### The data
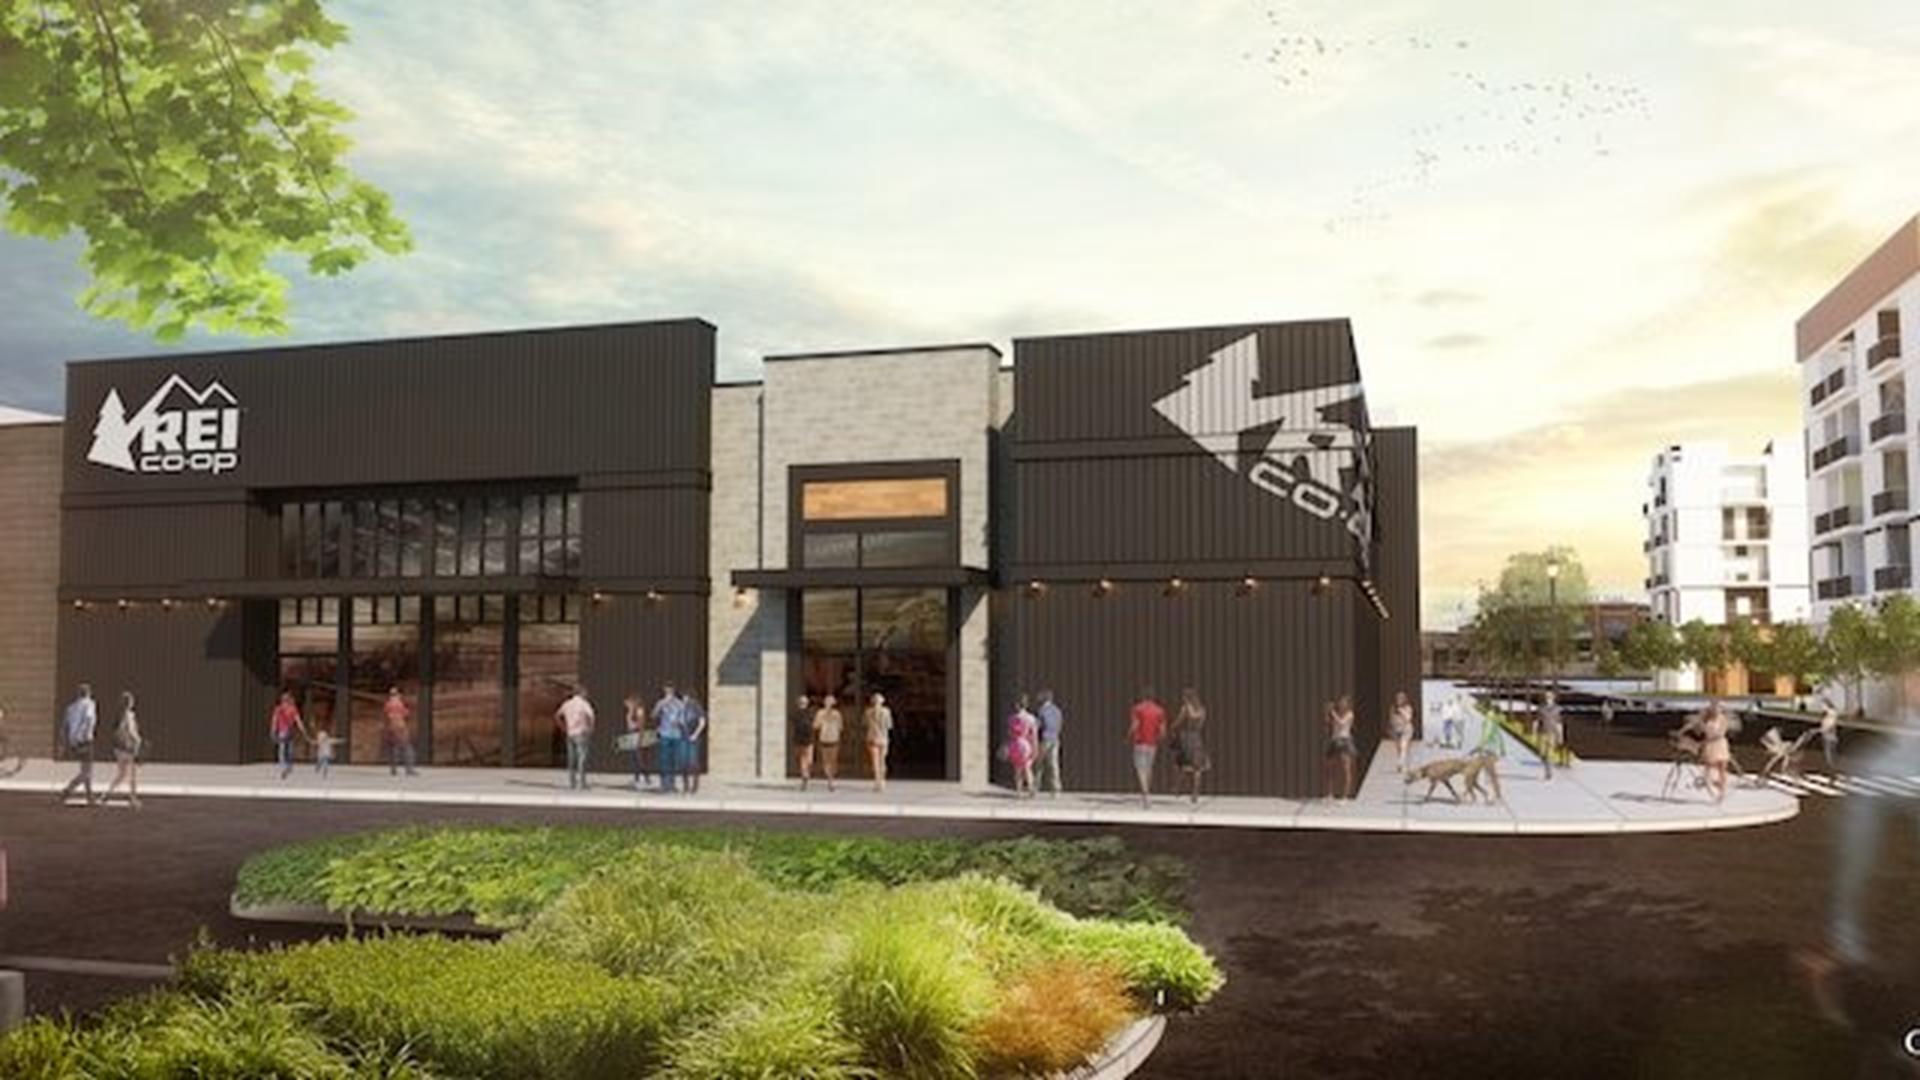 Specialty outdoor retailer REI Co-op is coming to downtown Columbia, bringing with it 45 new new jobs.
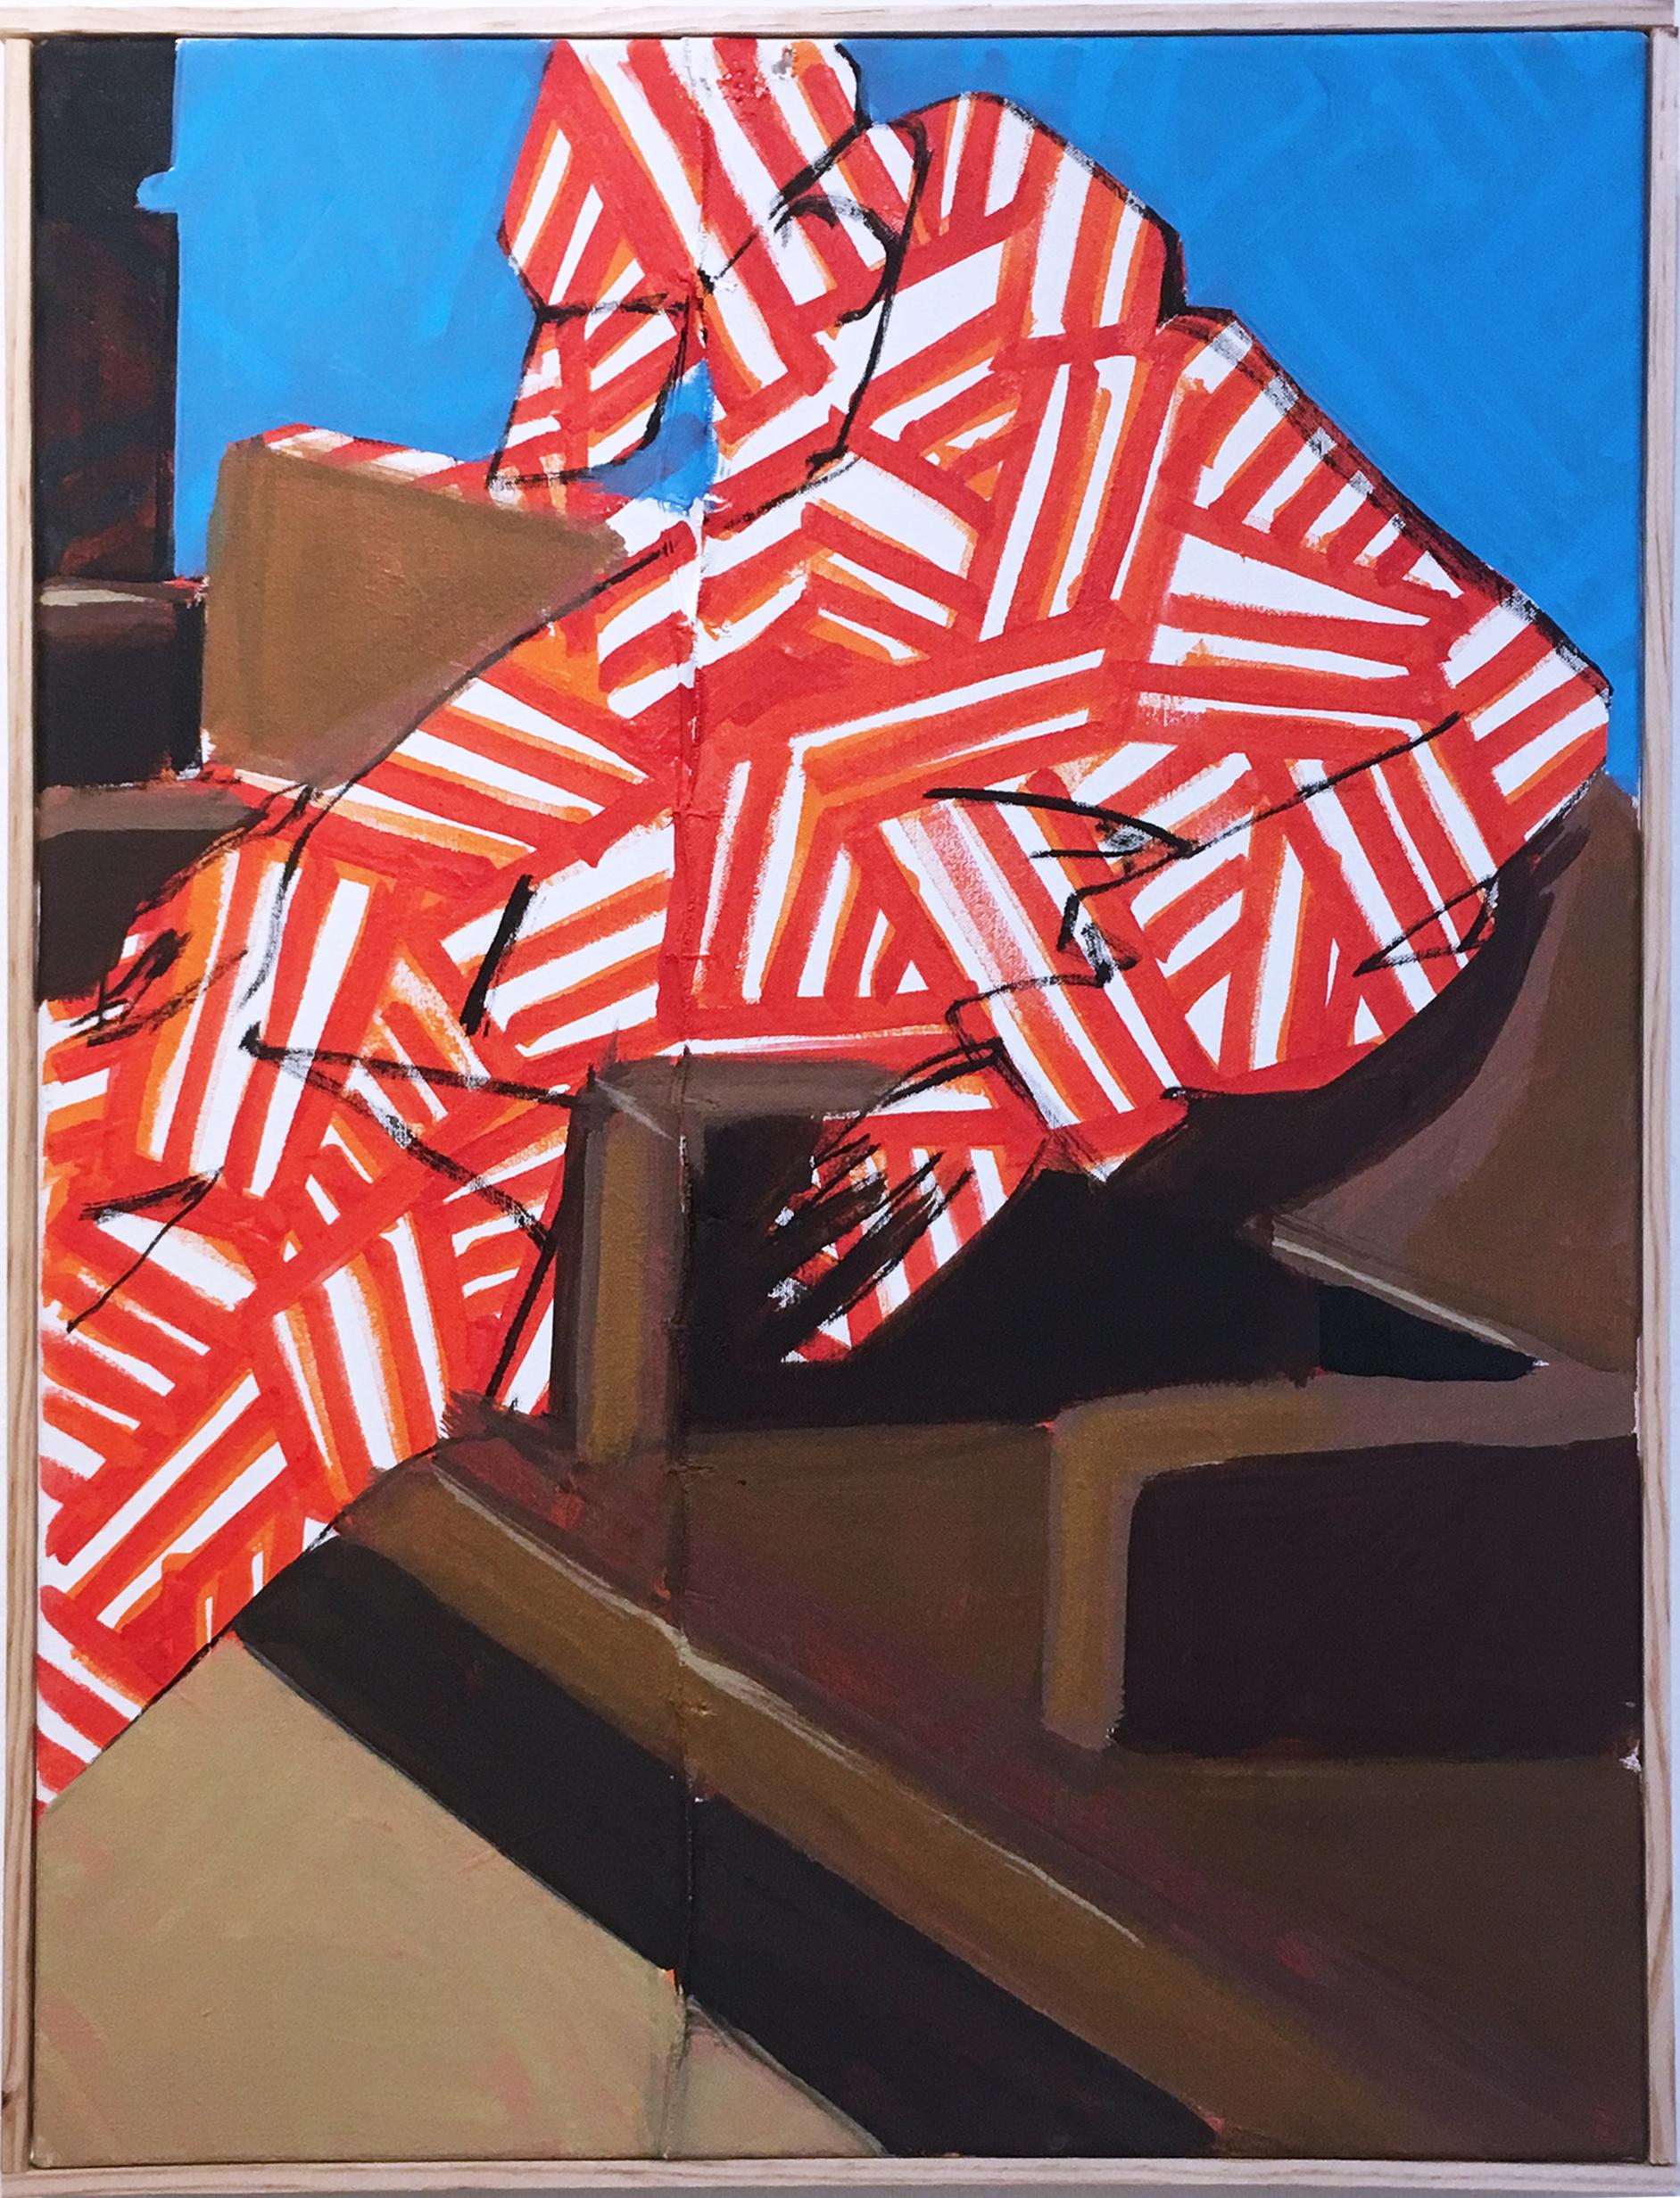 BlusterOne Figurative Painting - Now by street artist BLUSTERONE, figurative subway commuter with bold pattern
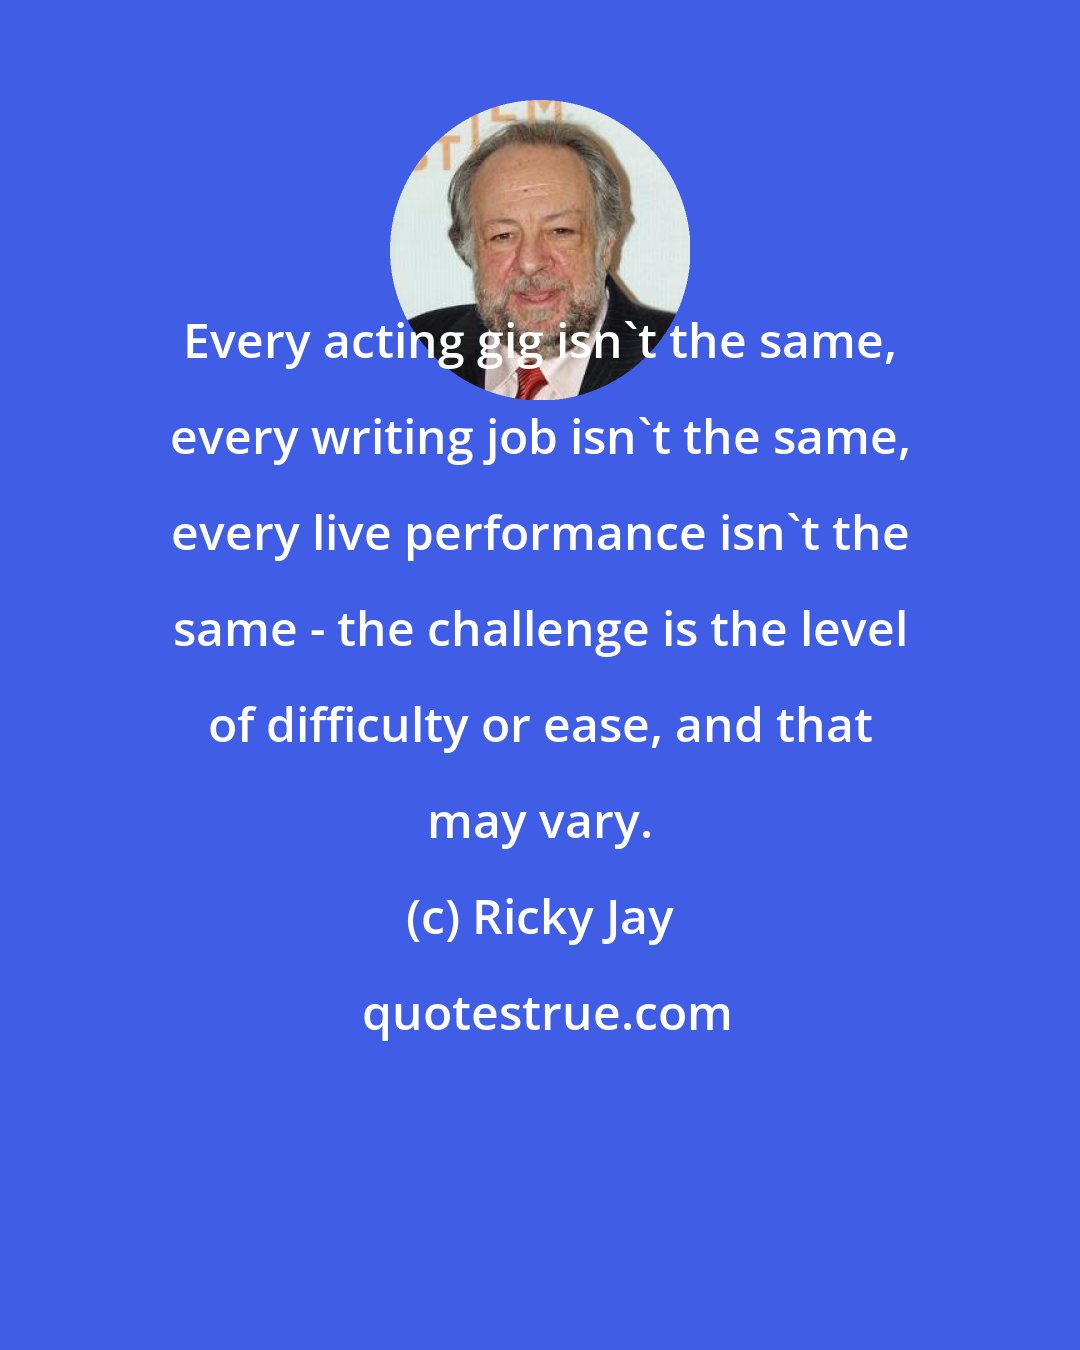 Ricky Jay: Every acting gig isn't the same, every writing job isn't the same, every live performance isn't the same - the challenge is the level of difficulty or ease, and that may vary.

### Work order
Each line, from the beginning of the listing to the line bearing "BlusterOne Figurative Painting" inclusive, should be copied exactly; the pictures stay out.

### Response area
 Specialty outdoor retailer REI Co-op is coming to downtown Columbia, bringing with it 45 new new jobs.
 BlusterOne Figurative Painting - Now by street artist BLUSTERONE, figurative subway commuter with bold pattern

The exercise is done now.